During high-concurrency network traffic bursts, GFP_ATOMIC order-0
allocations can fail due to rapid exhaustion of the atomic reserve.
The current kernel lacks a reactive mechanism to refill these
reserves quickly enough to prevent packet drops and performance
degradation.

This patch introduces a multi-tier, reactive auto-tuning mechanism
using the watermark_boost infrastructure with the following
optimizations for robustness and horizontal precision:

1. Per-Zone Debounce: Move the boost debounce timer from a global
   variable to struct zone. This ensures that memory pressure is handled
   independently per node/zone, preventing one node from inadvertently
   stifling the response of another.

2. Scaled Boosting Strength: Replace the fixed pageblock_nr_pages
   increment with a dynamic value scaled by zone_managed_pages (approx.
   0.1%). This ensures sufficient reclaim pressure on large-memory
   systems where a single pageblock might be insufficient.

3. Precision Path: Optimize the slowpath failure logic to only boost
   the candidate zones that are actually under pressure, avoiding
   unnecessary reclaim overhead on distant or unrelated nodes.

4. Proactive Soft-Boosting: Trigger a smaller, half-strength (pageblock >> 1)
   boost when an atomic request enters the slowpath but has not yet failed.
   This proactive approach aims to prevent the reserve exhaustion before
   it leads to allocation failure.

5. Hybrid Tuning & Gradual Decay: Introduce watermark_scale_boost in
   struct zone.

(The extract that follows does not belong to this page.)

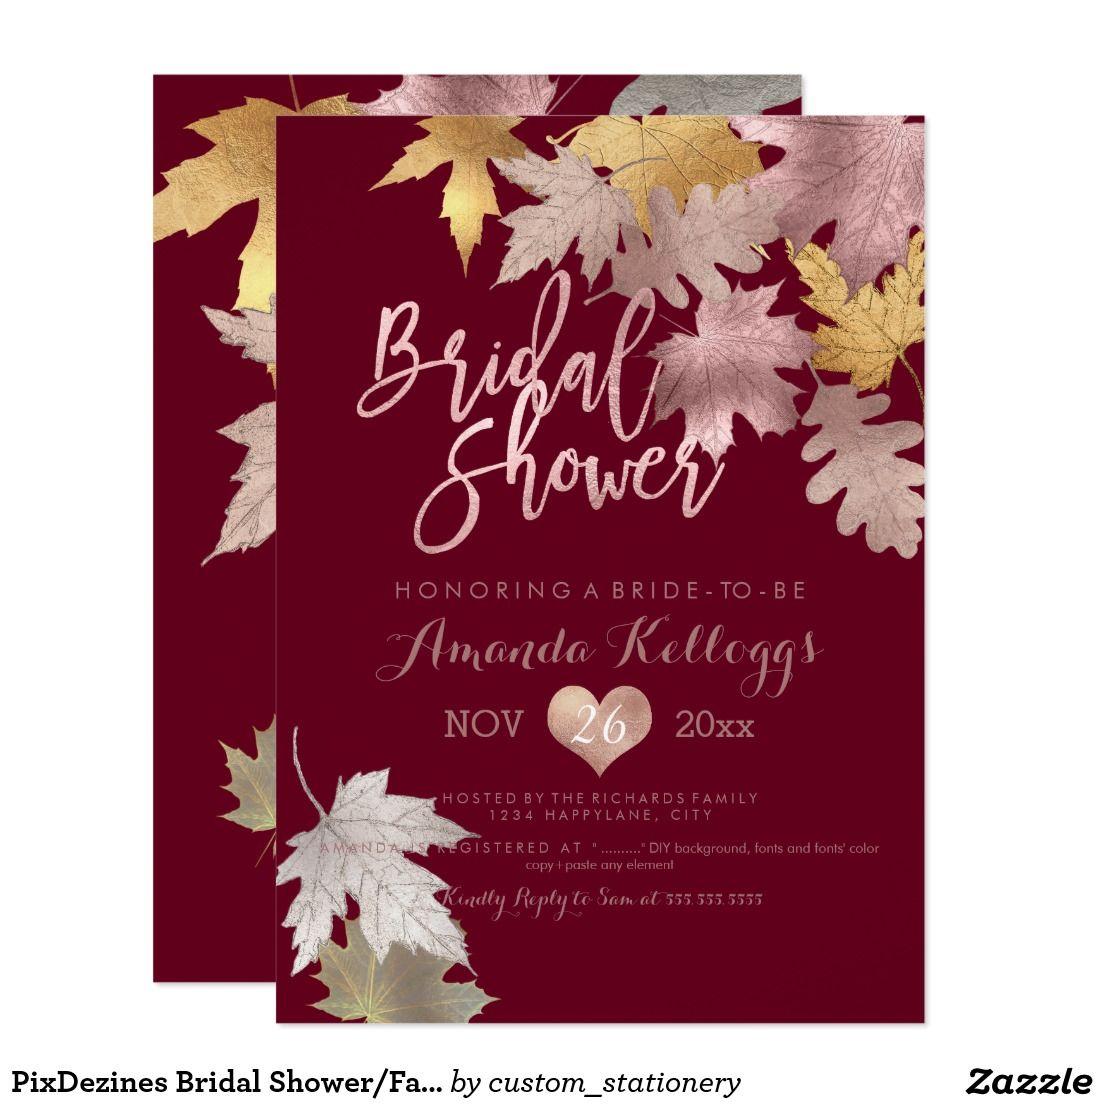 PixDezines Bridal Shower/Fall/Faux Foil | Rose Gold Trends ...

When failure occurs, we not only boost the watermark level
   but also temporarily increase the watermark_scale_factor. To ensure
   stability, the scale boost is decayed gradually (-5 per kswapd cycle)
   in balance_pgdat() rather than reset instantly, with watermarks
   recalculated at each step via setup_per_zone_wmarks().

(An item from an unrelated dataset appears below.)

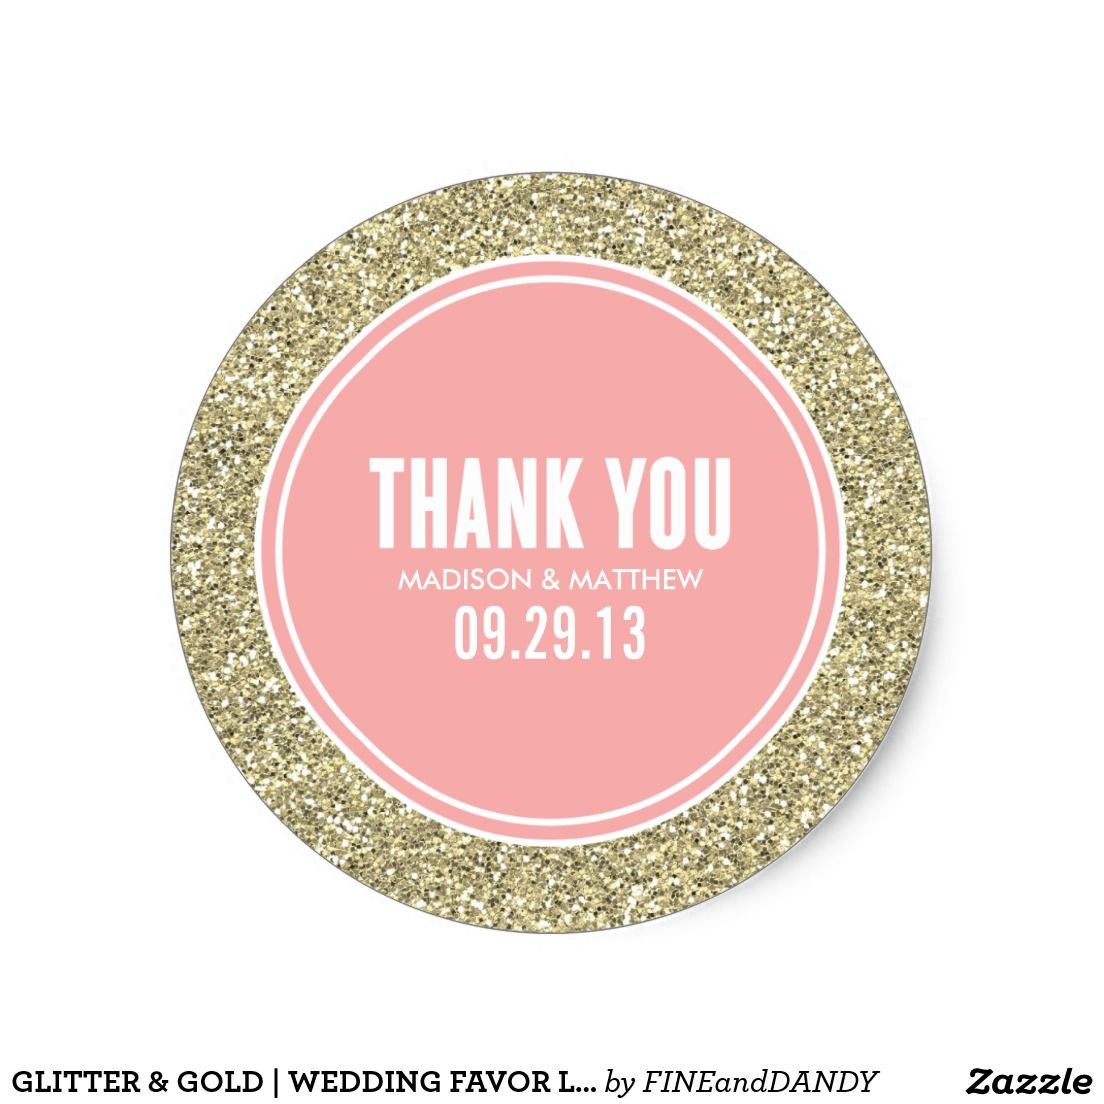 Glitter & gold | wedding favor labels | wedding favor stickers ...

Additionally, the patch implements a strict (gfp_mask & GFP_ATOMIC) ==
GFP_ATOMIC check to ensure that only true mission-critical atomic
requests trigger the tuning, excluding less sensitive non-blocking
allocations.

Together, these changes provide a robust, scalable, and precise
defense-in-depth for critical atomic allocations.

Observed failure logs:
[38535644.718700] node 0: slabs: 1031, objs: 43328, free: 0
[38535644.725059] node 1: slabs: 339, objs: 17616, free: 317
[38535645.428345] SLUB: Unable to allocate memory on node -1, gfp=0x480020(GFP_ATOMIC)
[38535645.436888] cache: skbuff_head_cache, object size: 232, buffer size: 256, default order: 2, min order: 0
[38535645.447664] node 0: slabs: 940, objs: 40864, free: 144
[38535645.454026] node 1: slabs: 322, objs: 19168, free: 383
[38535645.556122] SLUB: Unable to allocate memory on node -1, gfp=0x480020(GFP_ATOMIC)
[38535645.564576] cache: skbuff_head_cache, object size: 232, buffer size: 256, default order: 2, min order: 0
[38535649.655523] warn_alloc: 59 callbacks suppressed
[38535649.655527] swapper/100: page allocation failure: order:0, mode:0x480020(GFP_ATOMIC), nodemask=(null)
[38535649.671692] swapper/100 cpuset=/ mems_allowed=0-1

Signed-off-by: wujing <realwujing@qq.com>
Signed-off-by: Qiliang Yuan <yuanql9@chinatelecom.cn>
---
 include/linux/mmzone.h |  2 ++
 mm/page_alloc.c        | 55 +++++++++++++++++++++++++++++++++++++++---
 mm/vmscan.c            | 10 ++++++++
 3 files changed, 64 insertions(+), 3 deletions(-)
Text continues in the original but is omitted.